Task goal:
The task calls for the lines below from the line with "3/151 Illawarra Road, Marrickville" to the line with "Bat Fangs - s/t LP", both ends included, copied exactly, without any pictures.

Raw data:
• • • • •

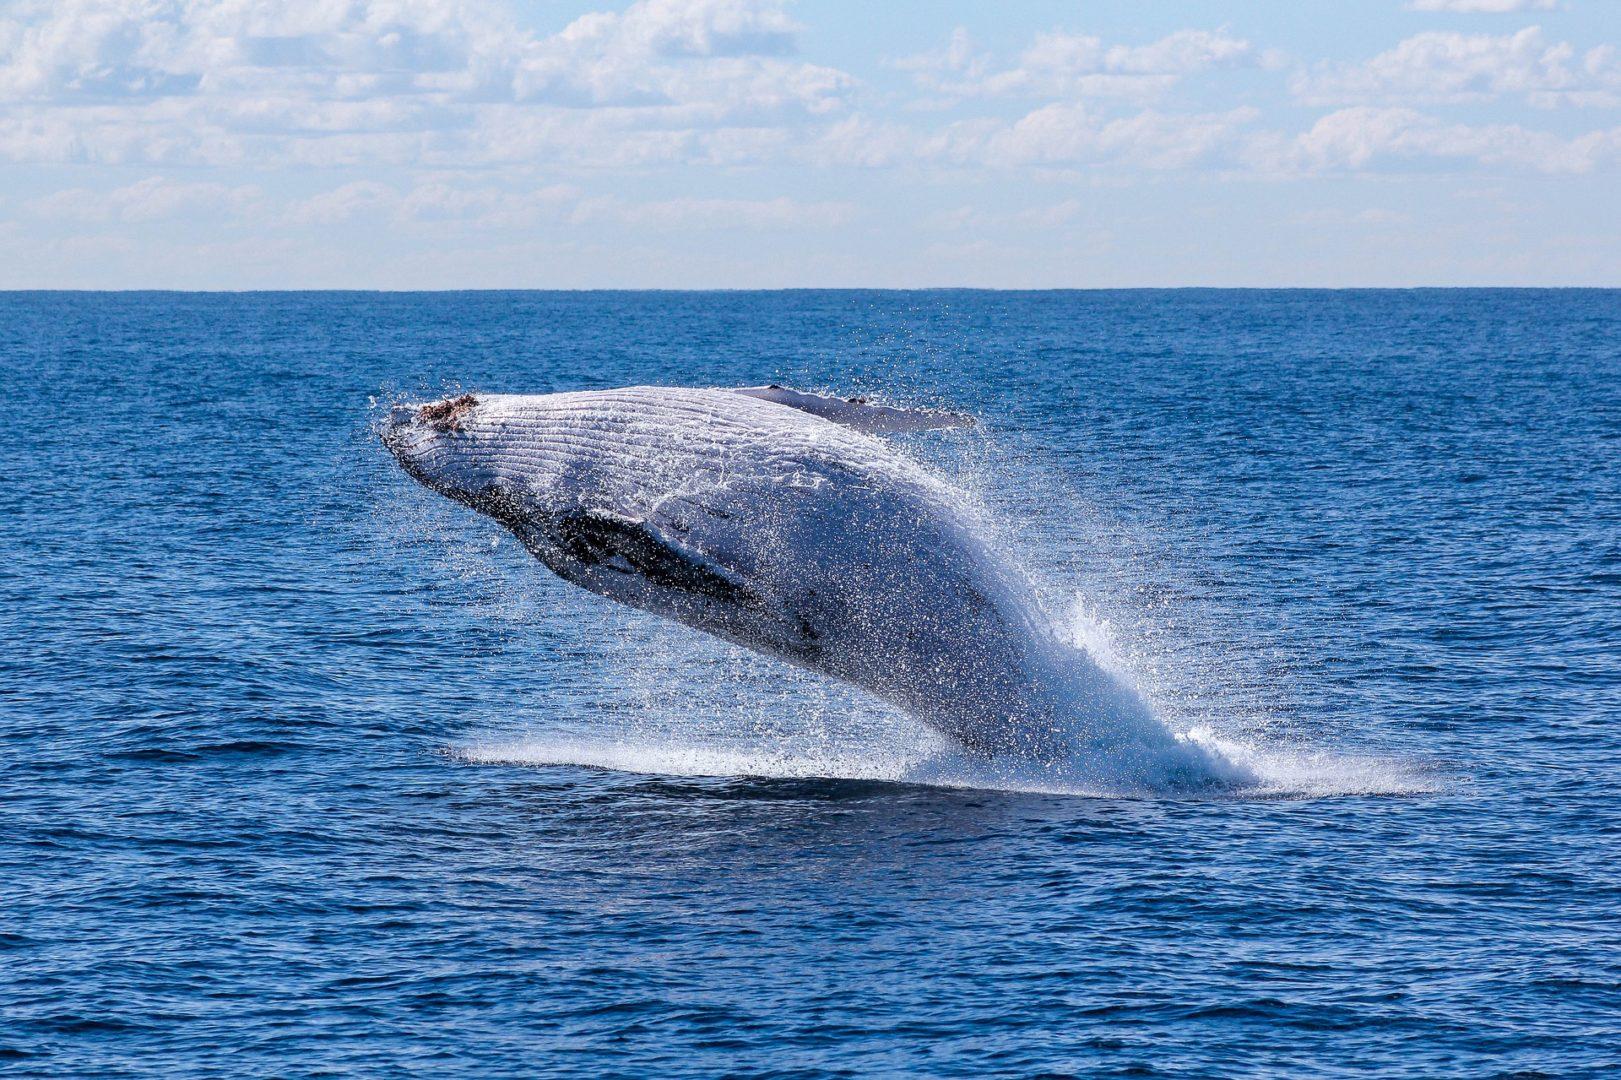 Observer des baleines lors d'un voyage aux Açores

• • • • •

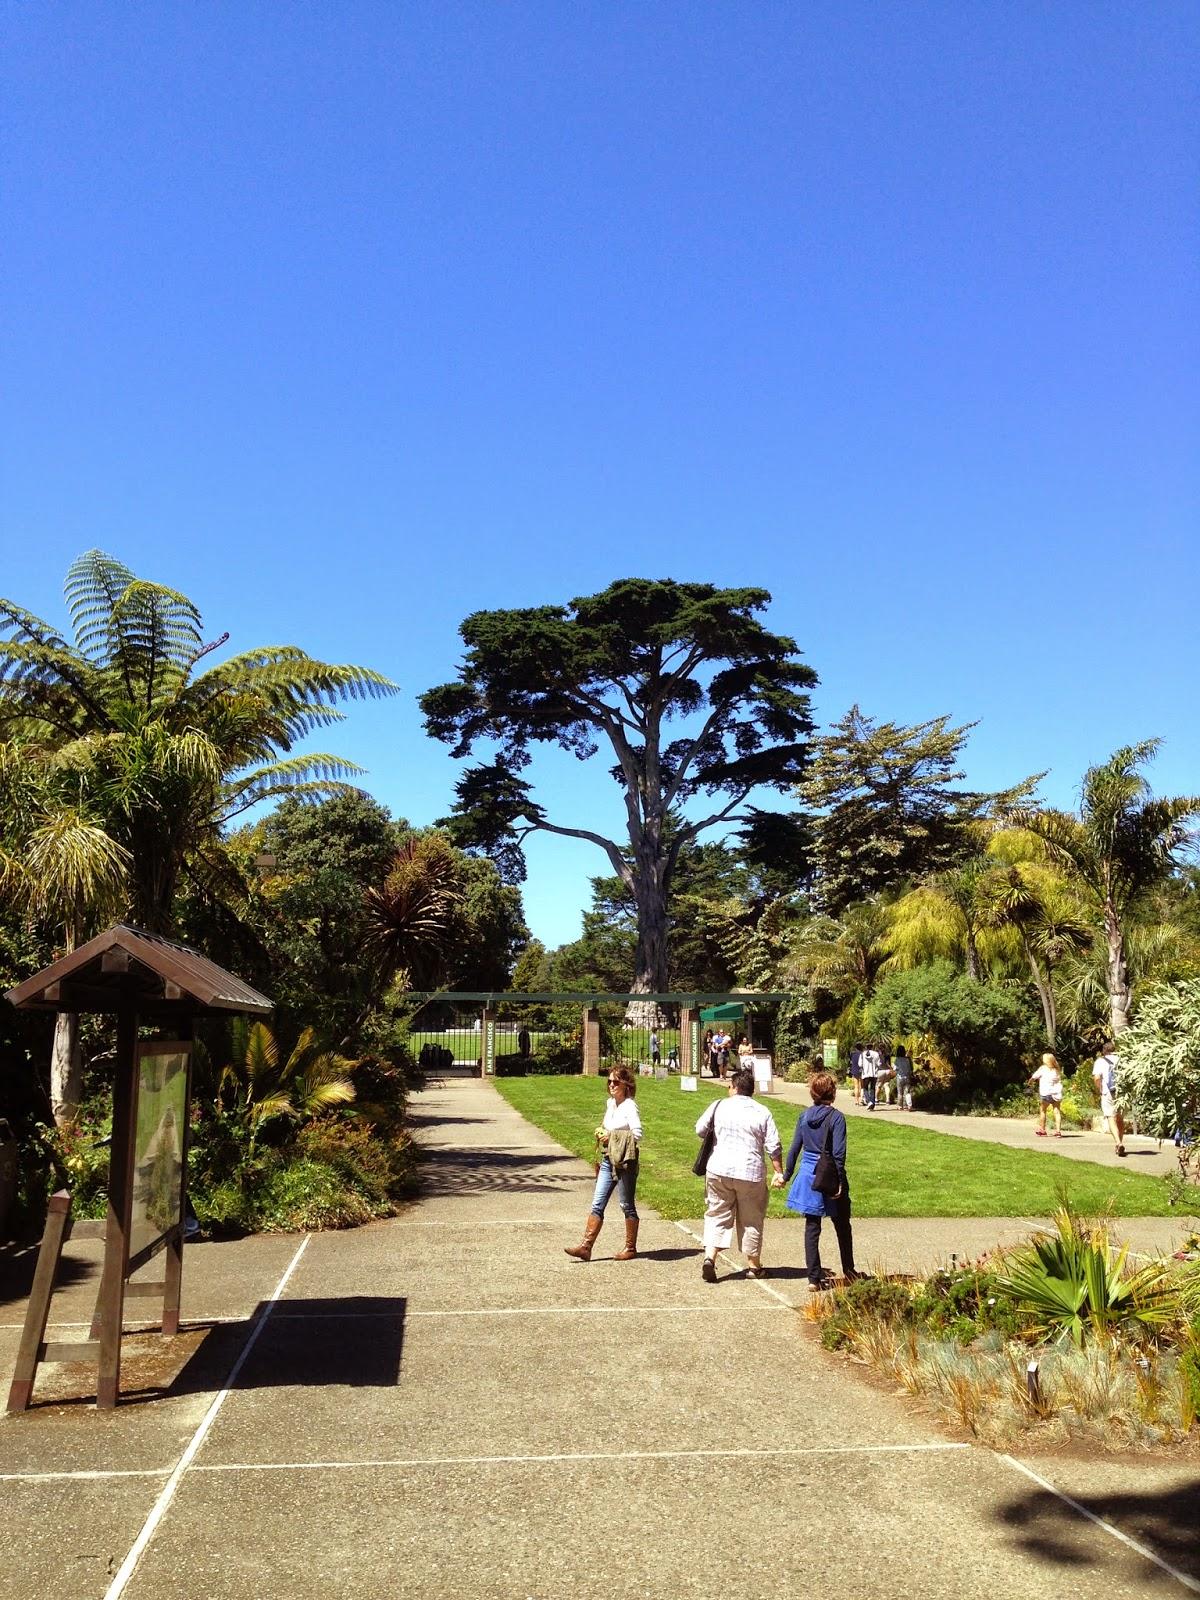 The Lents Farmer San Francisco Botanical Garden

• • • • •

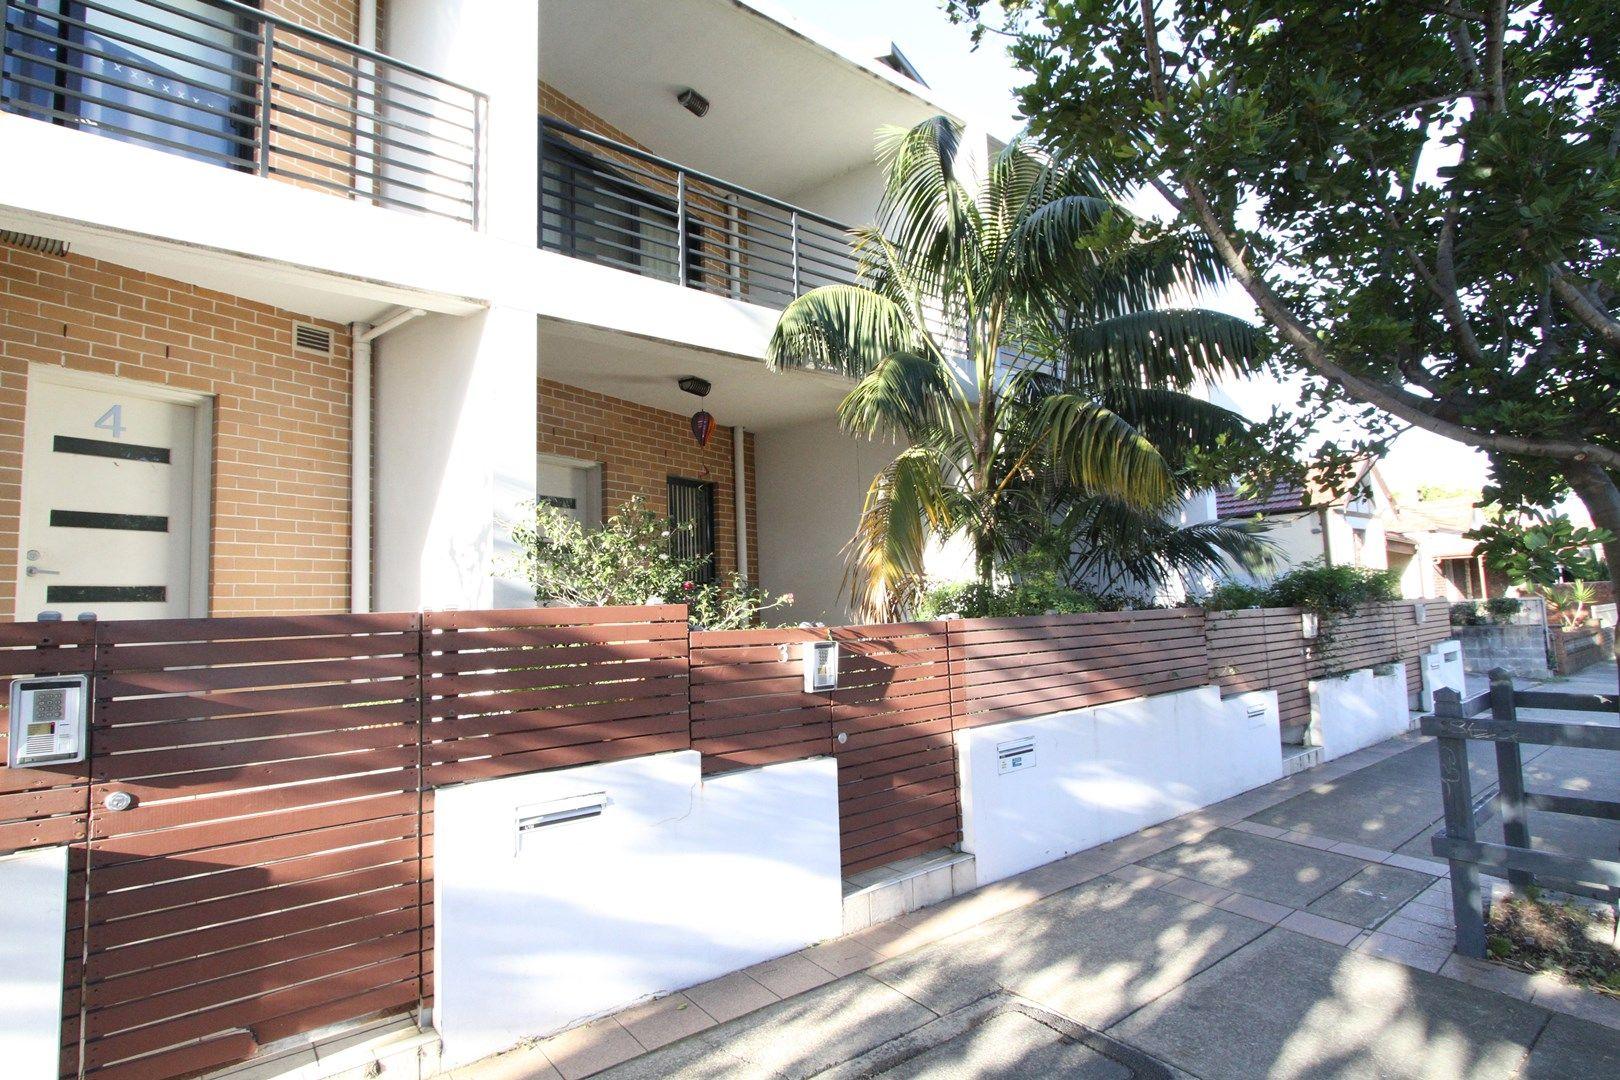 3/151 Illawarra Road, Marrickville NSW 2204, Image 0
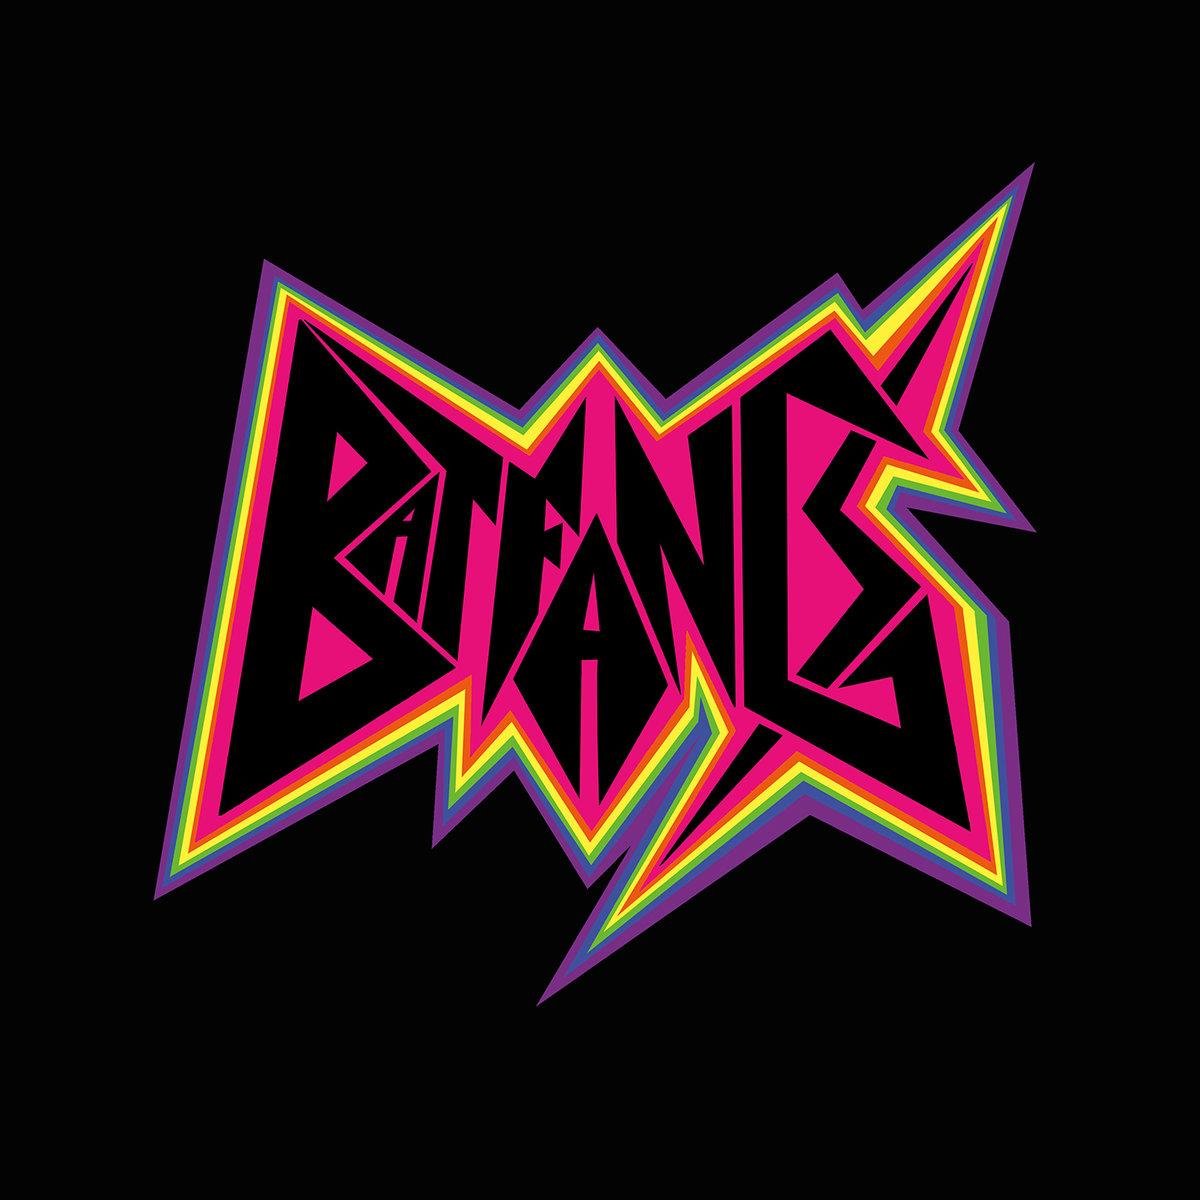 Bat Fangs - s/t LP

• • • • •

Response:
 3/151 Illawarra Road, Marrickville NSW 2204, Image 0
 Bat Fangs - s/t LP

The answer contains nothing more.